[[ Raw data open ]]
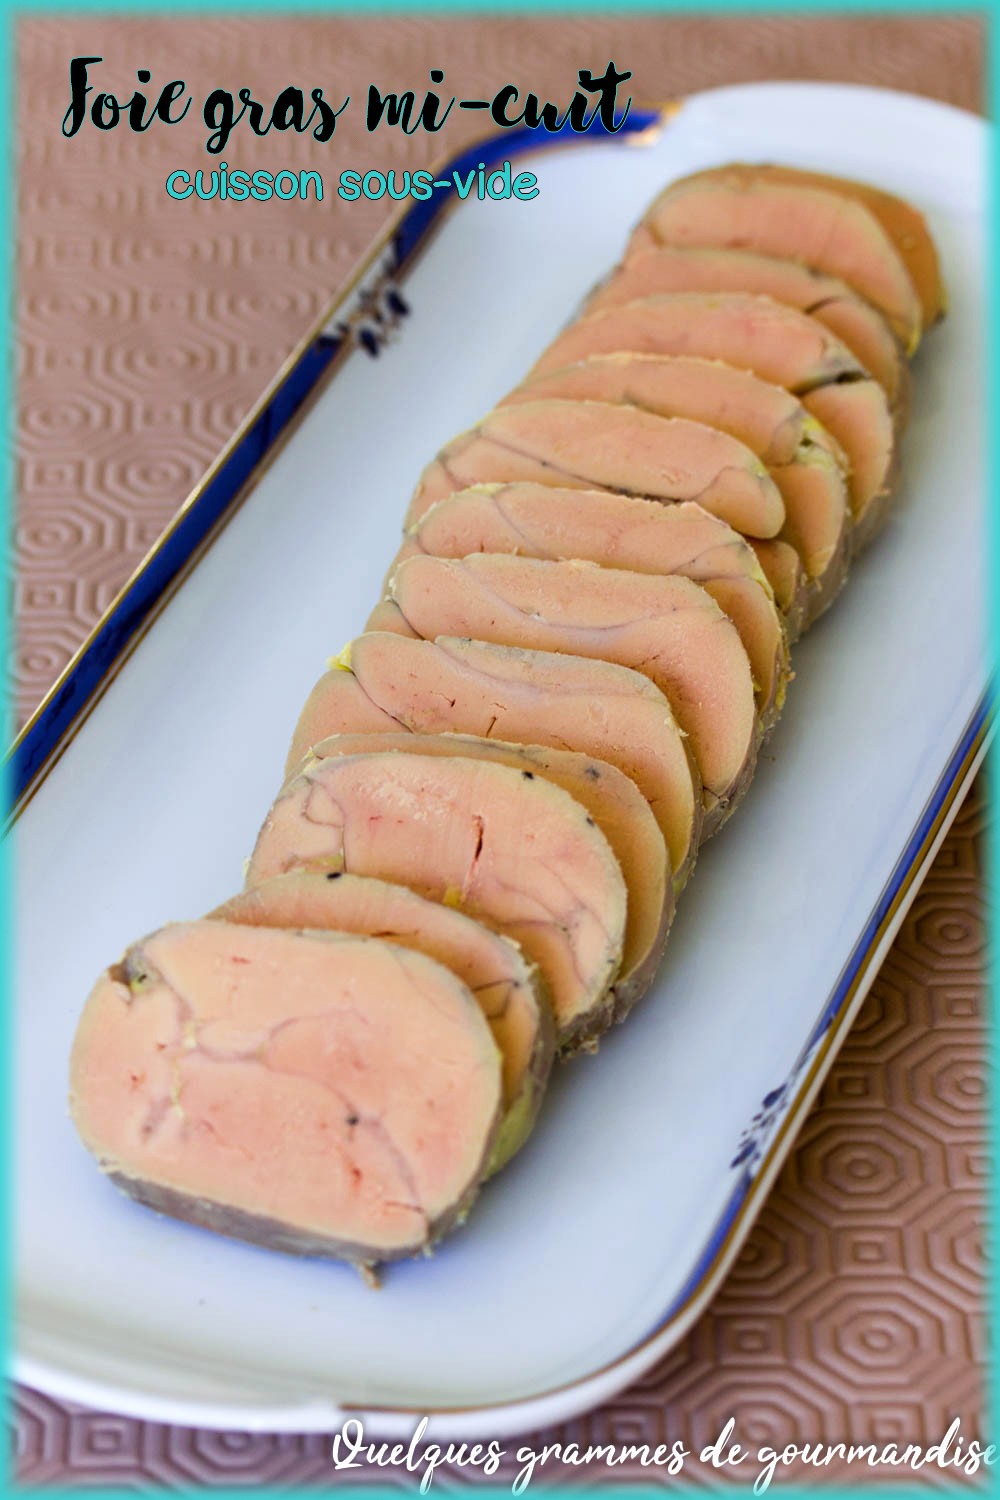 Foie gras cuisson sous-vide
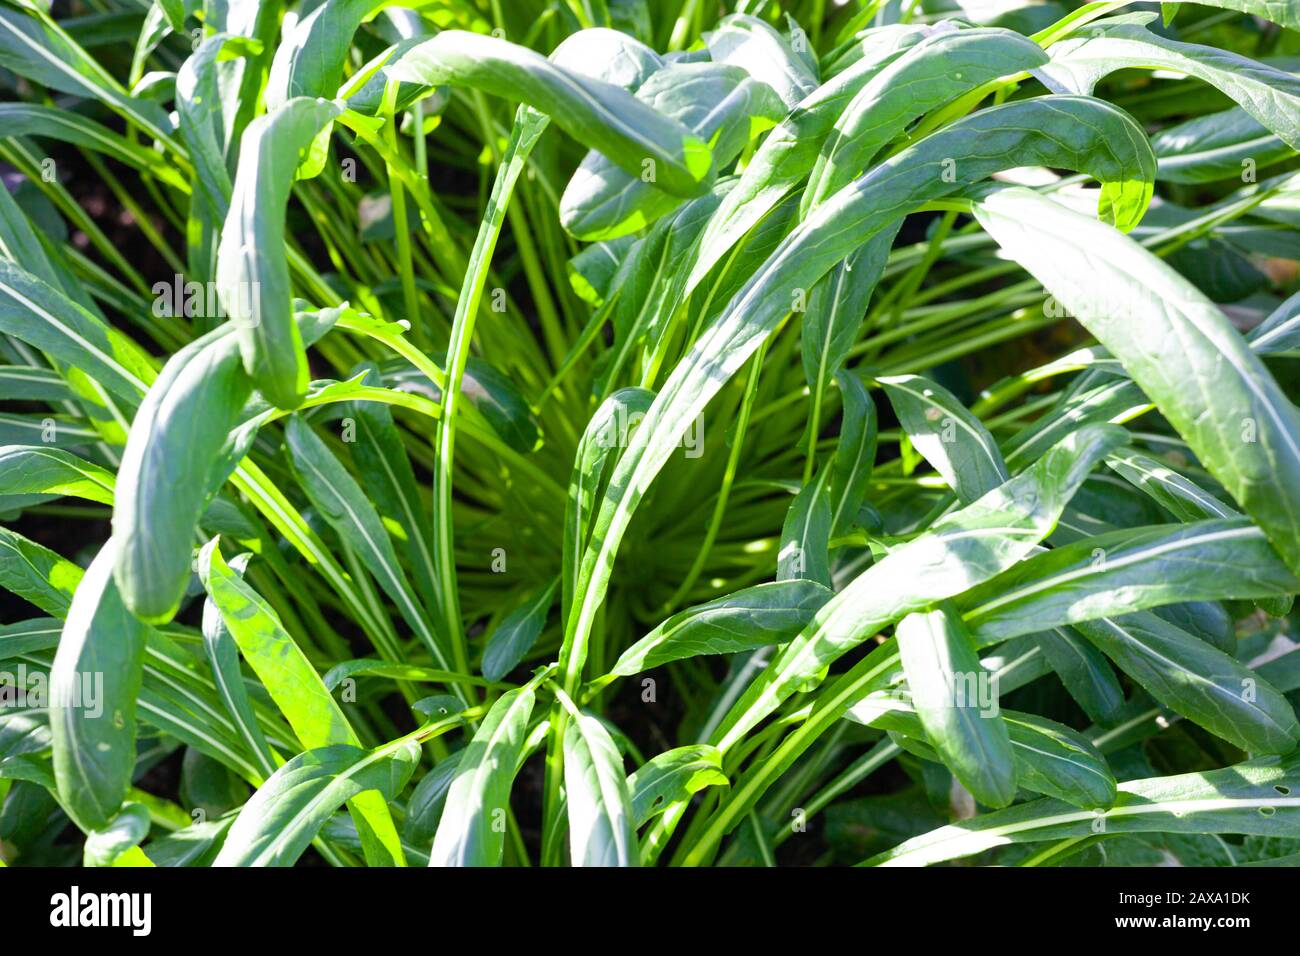 Close-up of rich-green foliage of Mibuna Stock Photo
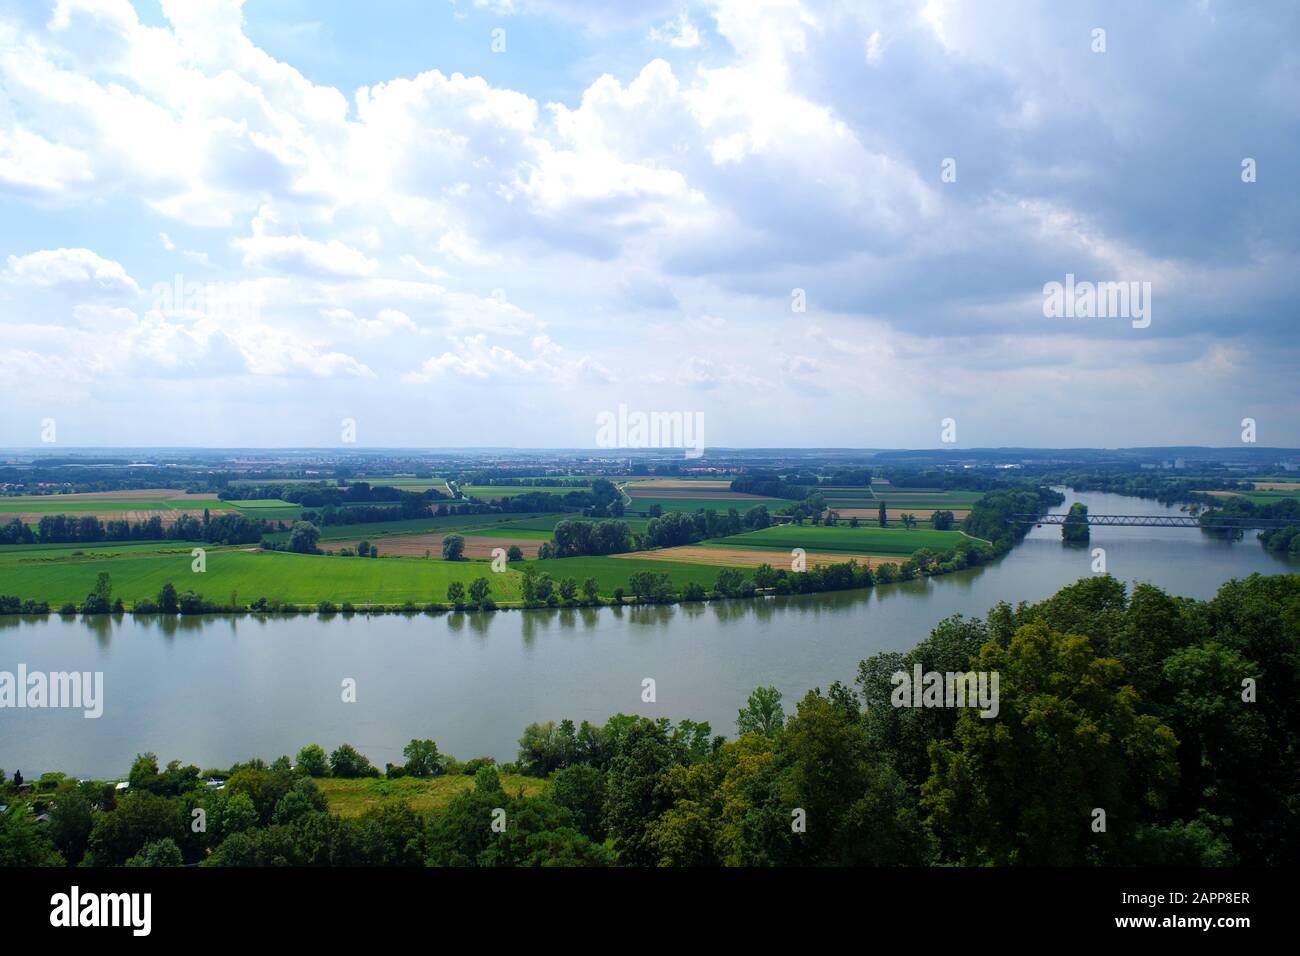 Un paisaje con el río Danubio, visto desde Walhalla (Alemania). Dominan los campos verde y amarillo. bosquecillo grueso de árboles en primer plano. Foto de stock
[[ Raw data closed ]]
All of the data is to be returned exactly, with no pictures included.

 Foie gras cuisson sous-vide
 Close-up of rich-green foliage of Mibuna Stock Photo
 Un paisaje con el río Danubio, visto desde Walhalla (Alemania). Dominan los campos verde y amarillo. bosquecillo grueso de árboles en primer plano. Foto de stock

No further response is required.